Isoglossa nervosa
- Conservation status: Vulnerable (IUCN 3.1)

Scientific classification
- Kingdom: Plantae
- Clade: Tracheophytes
- Clade: Angiosperms
- Clade: Eudicots
- Clade: Asterids
- Order: Lamiales
- Family: Acanthaceae
- Genus: Isoglossa
- Species: I. nervosa
- Binomial name: Isoglossa nervosa C.B.Clarke (1900)

= Isoglossa nervosa =

- Genus: Isoglossa
- Species: nervosa
- Authority: C.B.Clarke (1900)
- Conservation status: VU

Species of flowering plant

Isoglossa nervosa is a species of plant in the family Acanthaceae. It is an herbaceous perennial or subshrub native to southeastern Nigeria, Cameroon, and Bioko island in Equatorial Guinea.
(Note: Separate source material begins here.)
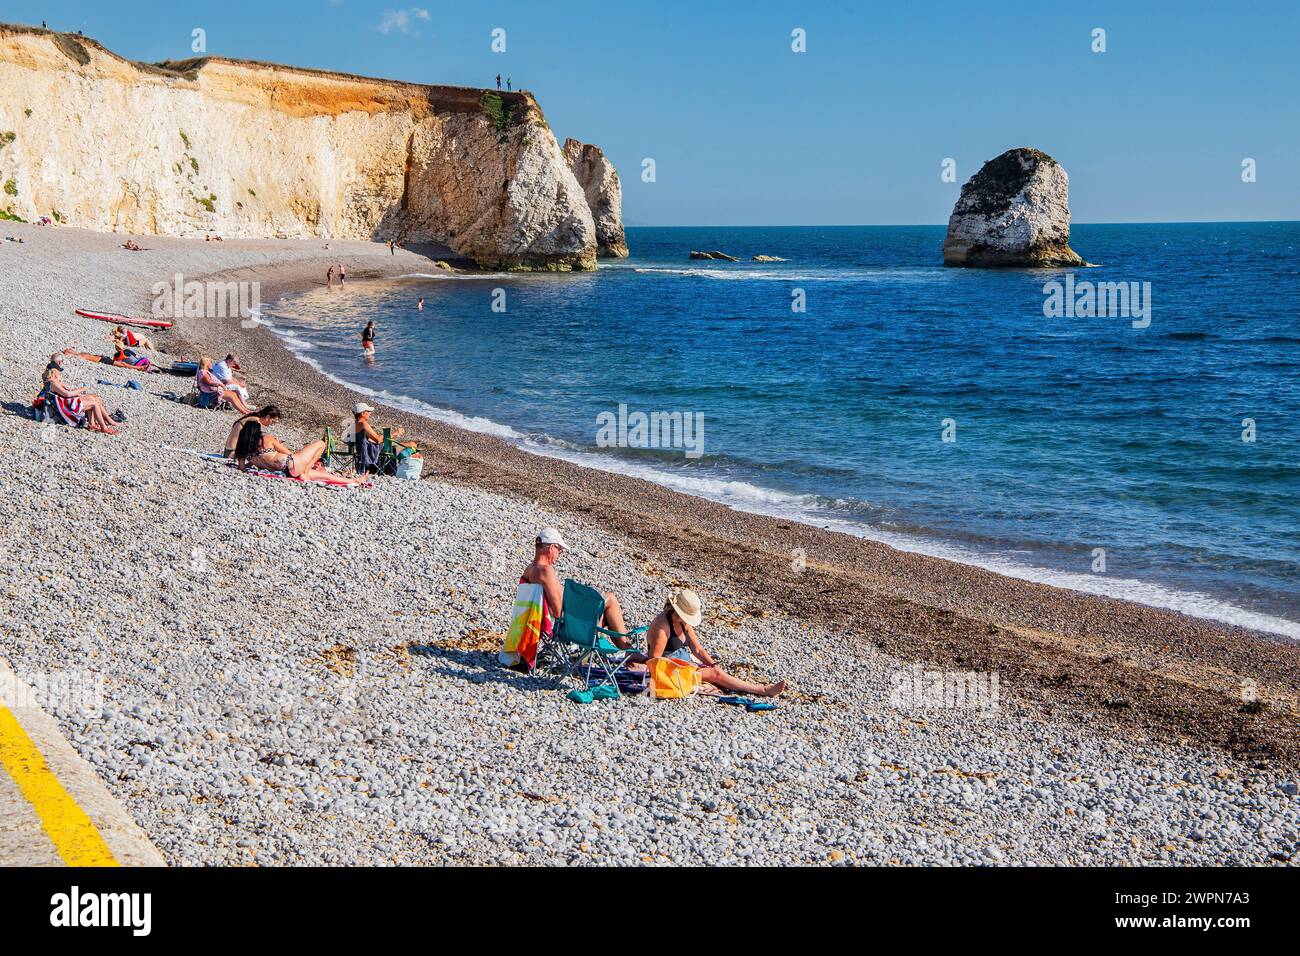 Beach with cliffs at Freshwater Bay, Freshwater, Isle of Wight, Hampshire, Great Britain, England Stock Photo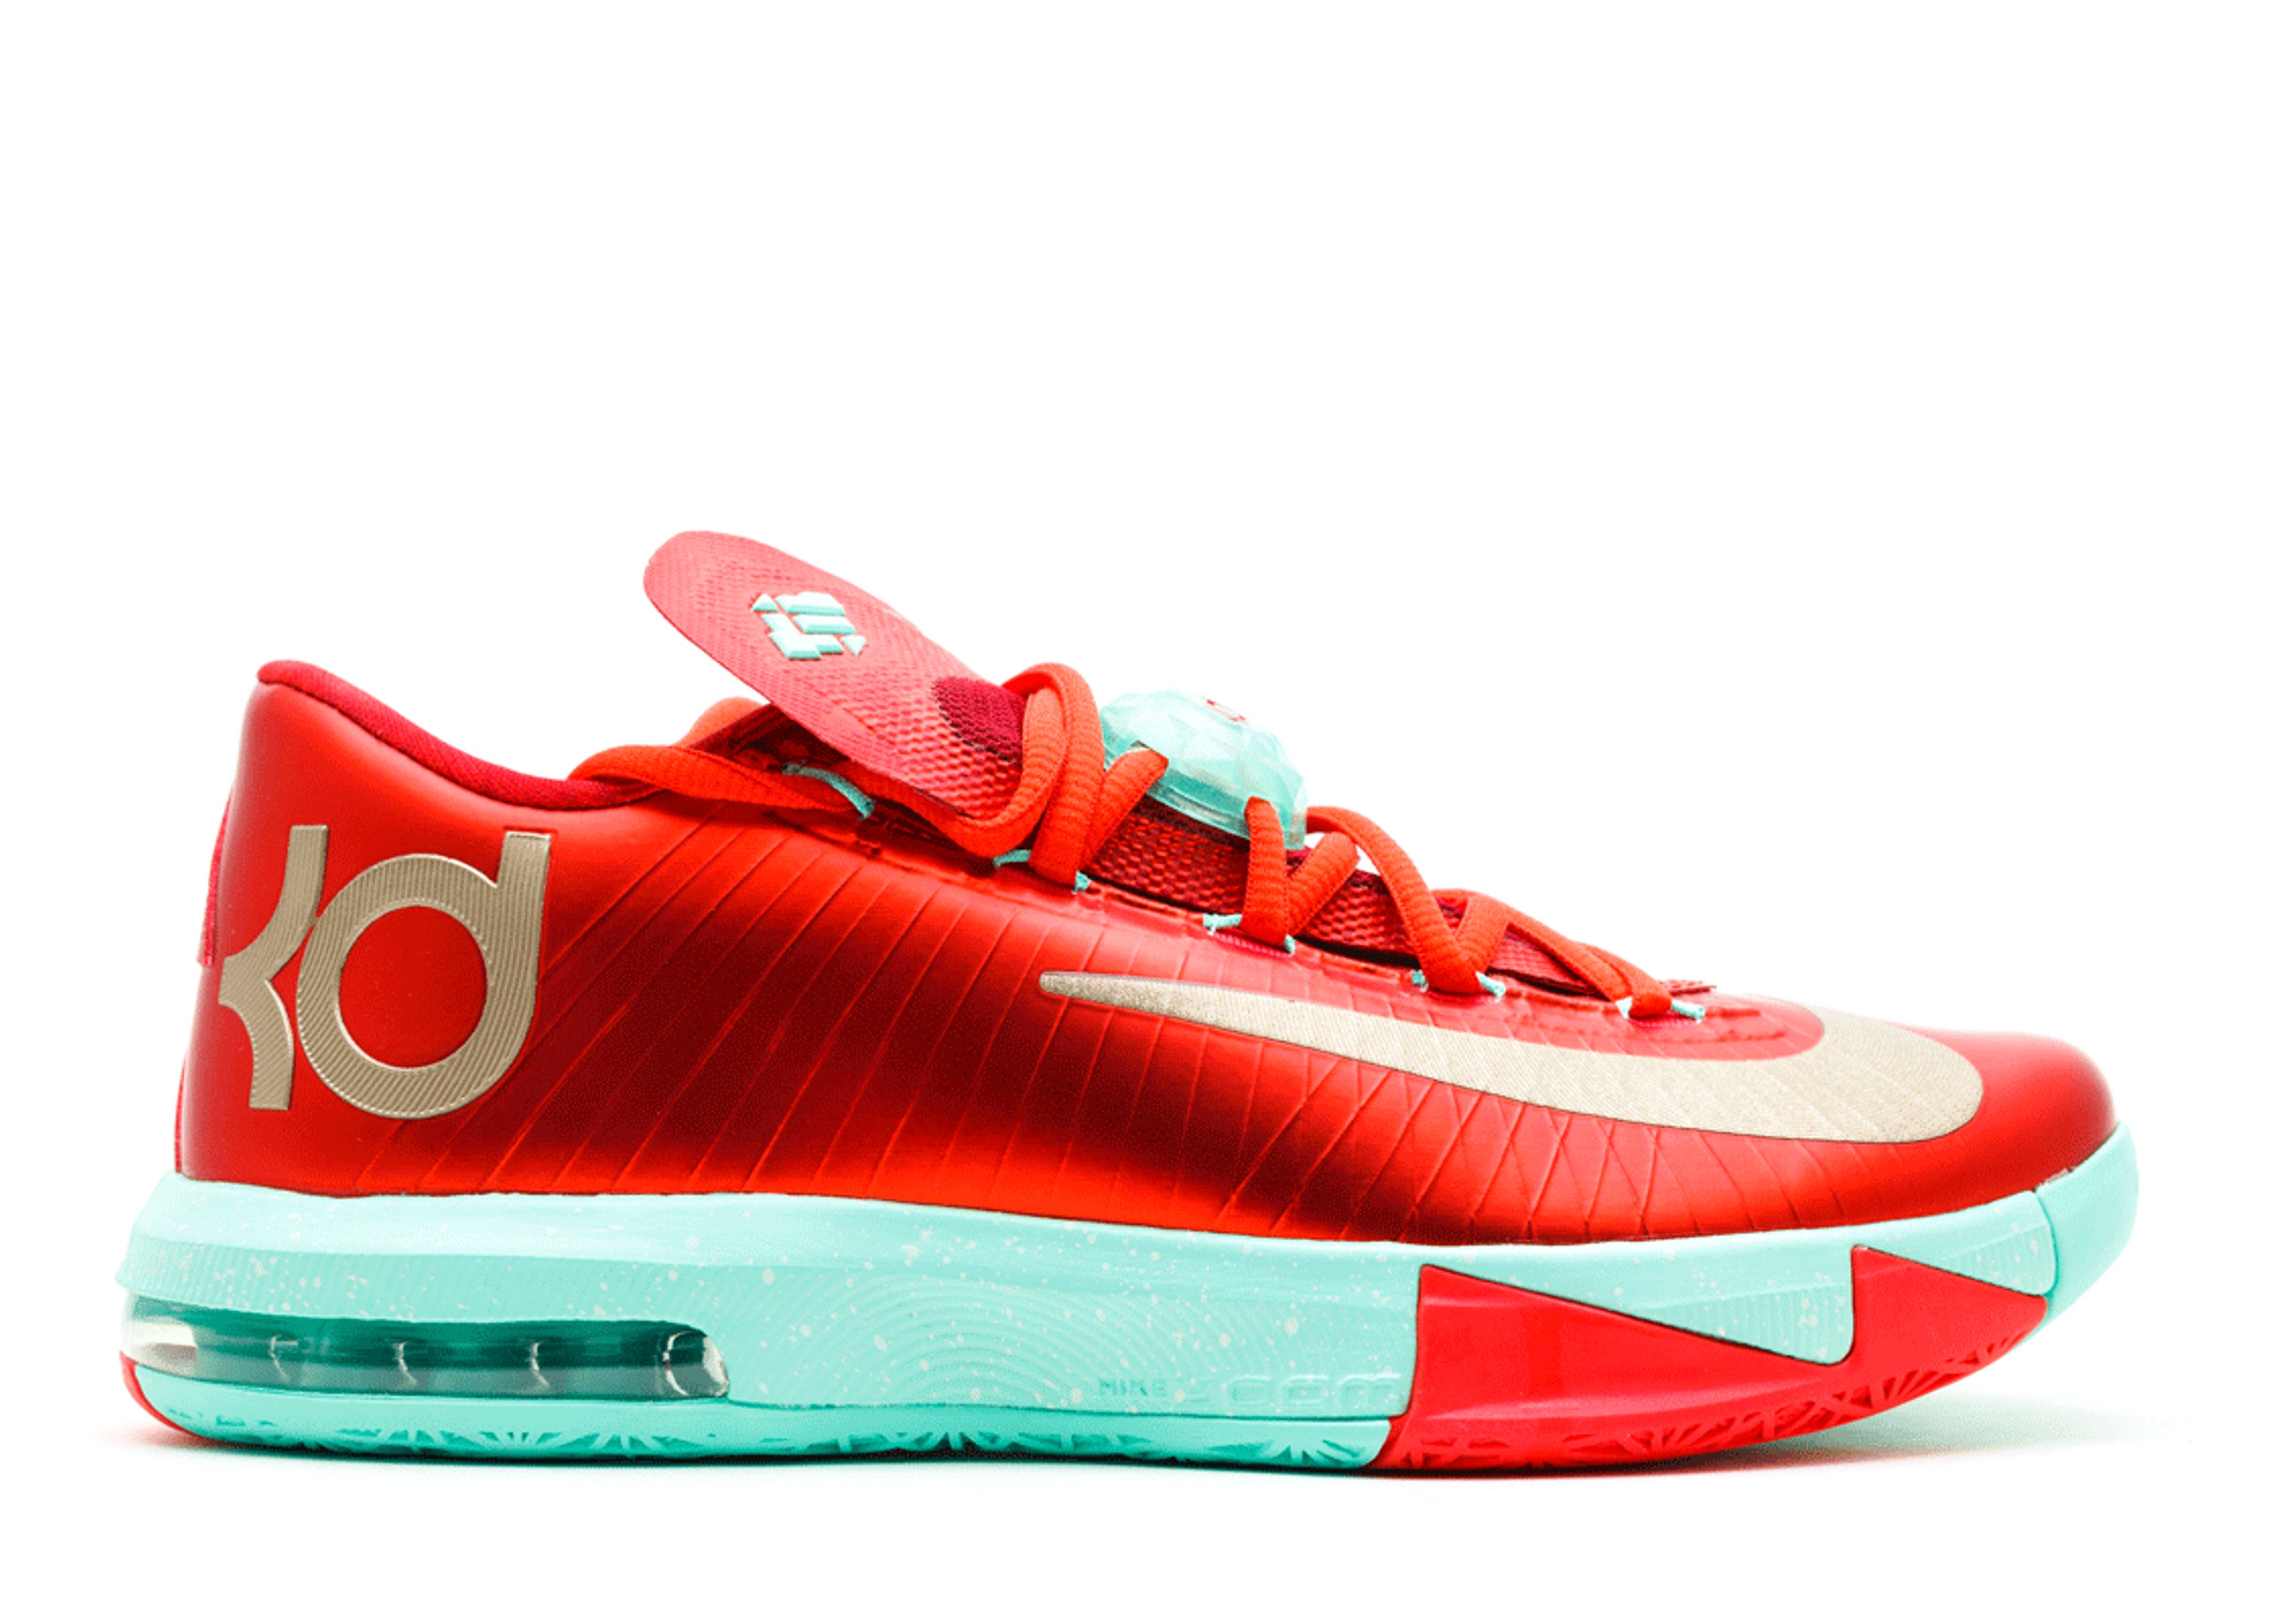 kd 6s shoes, OFF 70%,Buy!

Its natural habitat is tropical montane forest from 2,000 to 2,950 meters elevation.

It has been recorded at Pico Basilé on Bioko, on Mount Cameroon and Mann's Spring, Bokwangwo, Bamboutos, Mount Oku, and the Adamawa Plateau in Cameroon, and Mabile-Ngelyaki in Nigeria. It grows in upper montane forest with Podocarpus milanjianus, Prunus africana, Myrsine melanophloeos, Nuxia congesta, and Syzygium guineense, as well as bamboo thicket, forest-grassland transition thickets, and montane grassland.